Vies croisées, trajectoires brisées ou sur le point de l'être, univers interlope, mais toujours une soif de vivre inextinguible.
Ex-fan des seventies, Philippe Lacoche évoque dans son dernier roman avec une nostalgie heureuse (natsukashii en japonais) le sujet existentiel qui finit un jour ou l'autre par hanter chacun d'entre nous : que reste-t-il de nos rêves, de nos amours et de nos amitiés d'autrefois ? 

À la vitesse d'une Motobécane AV88

« Les ombres des Mohicans"(*) pose son décor dans le département de la Drôme, habituellement apprécié pour ses vins et son soleil. C'est ici à l'heure des vendanges que les heurs et malheurs du passé remontent à la mémoire de Brian, un joli blond au caractère placide. À la vitesse modérée d'une Motobécane AV88 qu'il enfourche alertement en pleine nuit malgré l'orage. Une dérisoire mobylette bleue qui le mène vers son destin.


Entre Picardie et Paris

Engagé sur une route départementale, le cyclomotoriste se souvient des ombres du passé. Tandis que les kilomètres défilent, les morts et les vivants se côtoient dans ses souvenirs. Visions lointaines et fugaces d'êtres atypiques éparpillés entre la Picardie et Paris. Toute une flopée de copains et de copines  – dont certains disparus – qui l’accompagnent comme dans un ballet contemporain chorégraphié sur une musique signée des Stones, de Kevin Ayers,  des Who ou encore des Doors.  Il y a Clara, Katia, Louise, Mauricette, Brian, Jean-Pierre, Robert, Jean-Bernard, Maurice, Bitume, Daniel, Marc, Tigrou et les autres.

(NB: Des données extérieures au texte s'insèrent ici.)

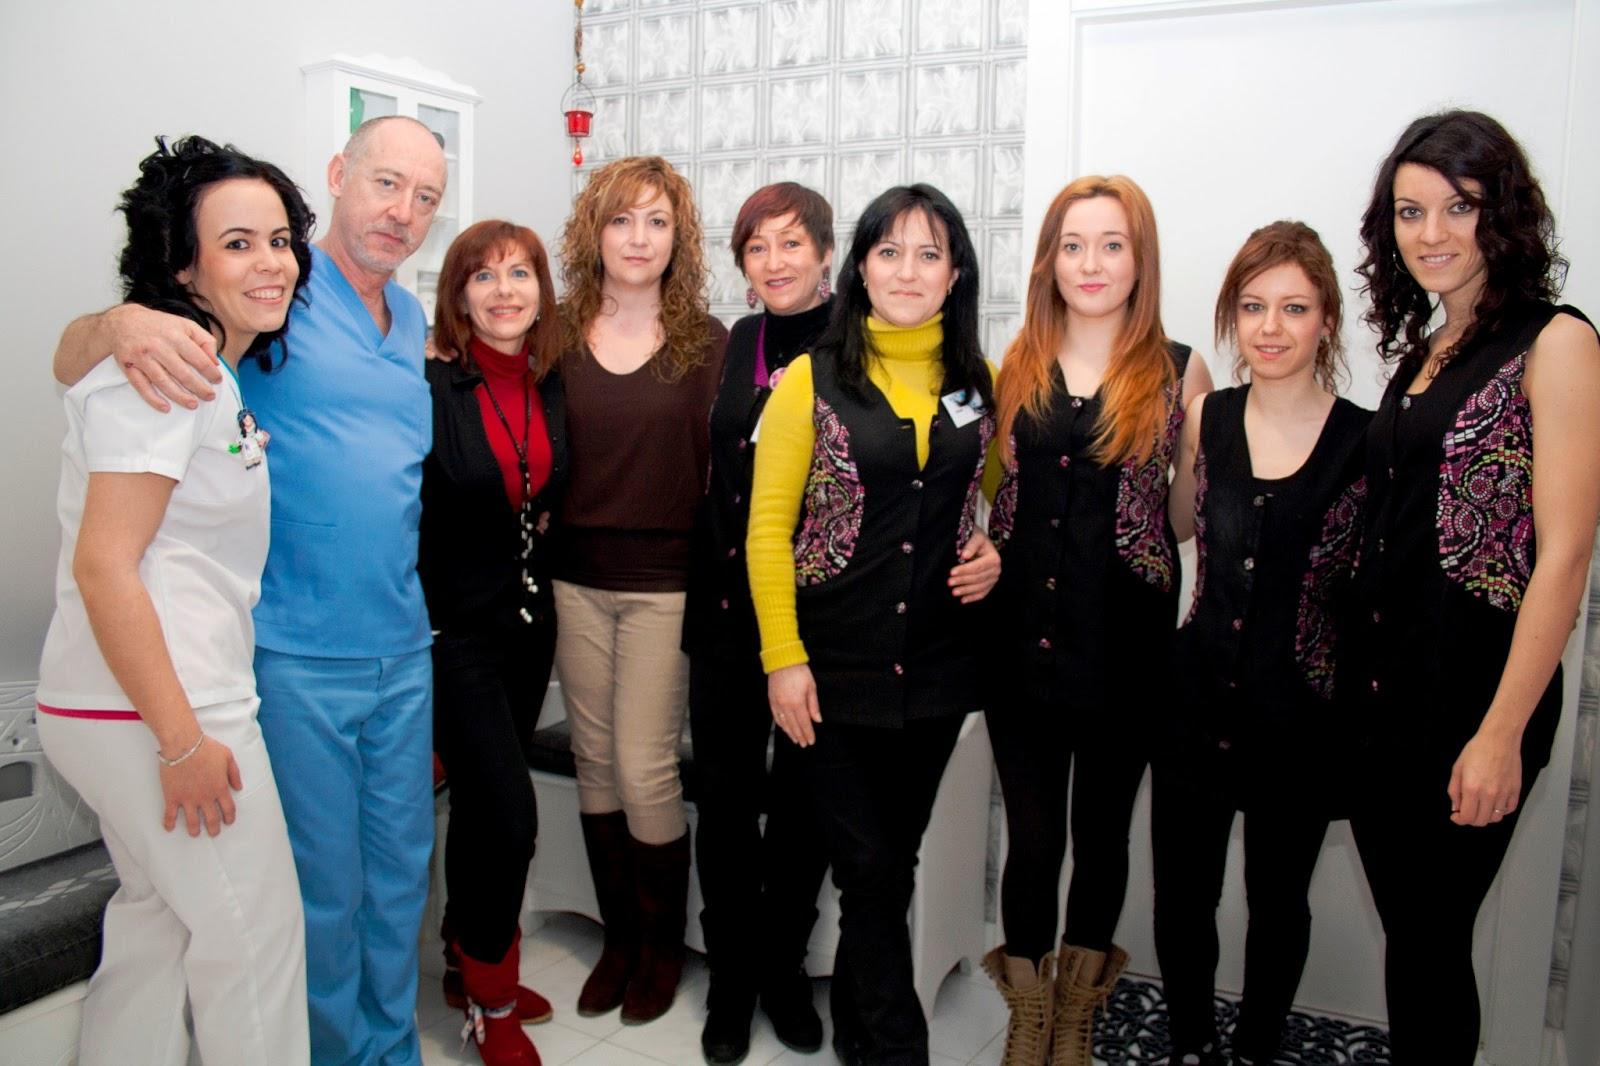 Servicio masaje desprotegido en Burgos

Quand on connaît la littérature de Philippe Lacoche, on se dit qu'il doit bien encore une fois se planquer entre les lignes. De livre en livre, il ne cesse de se raconter et de nous raconter une Picardie d'hier et d'aujourd'hui. Celle de ses ancêtres, de ses amis de jeunesse et du présent.  Alors on l'imagine dans le personnage de Brian bien sûr mais aussi de Pierre Chaunier, le journaliste et guitariste passionné par la littérature d'Henry Miller. Un gars qui a grandi comme l’auteur à Tergnier. Un Picard qui a les pieds ancrés sur sa belle terre de Picardie malheureusement souillée par le sang et les horreurs des guerres.

Toute vie vaut la peine d'être vécue

Le même lecteur attentif pensera également distinguer Philippe Lacoche dans un autre personnage, Sined Toredid, écrivain et reporter dans un quotidien de gauche. Sined Toredid, autrement dit l'anagramme de Denis Diderot, philosophe et apôtre d'une morale ouverte sans préjugés et libre penseur... 
On se dit en refermant ce livre que nous avons tous un Pierre Chaunier, un Sined, une Clara, un Tigrou, un Marc ou une Mauricette cachés au fond de notre mémoire... Des ombres parmi lesquelles nous nous étions glissés jadis et qui des décennies plus tard nous rendent fiers de les avoir connues. De pouvoir dire j’y étais et finir par admettre que toute vie vaut la peine d'être vécue.

À noter que "Les ombres des Mohicans" fait partie de la première sélection pour le Prix Renaudot 2023 qui sera décerné à l'automne.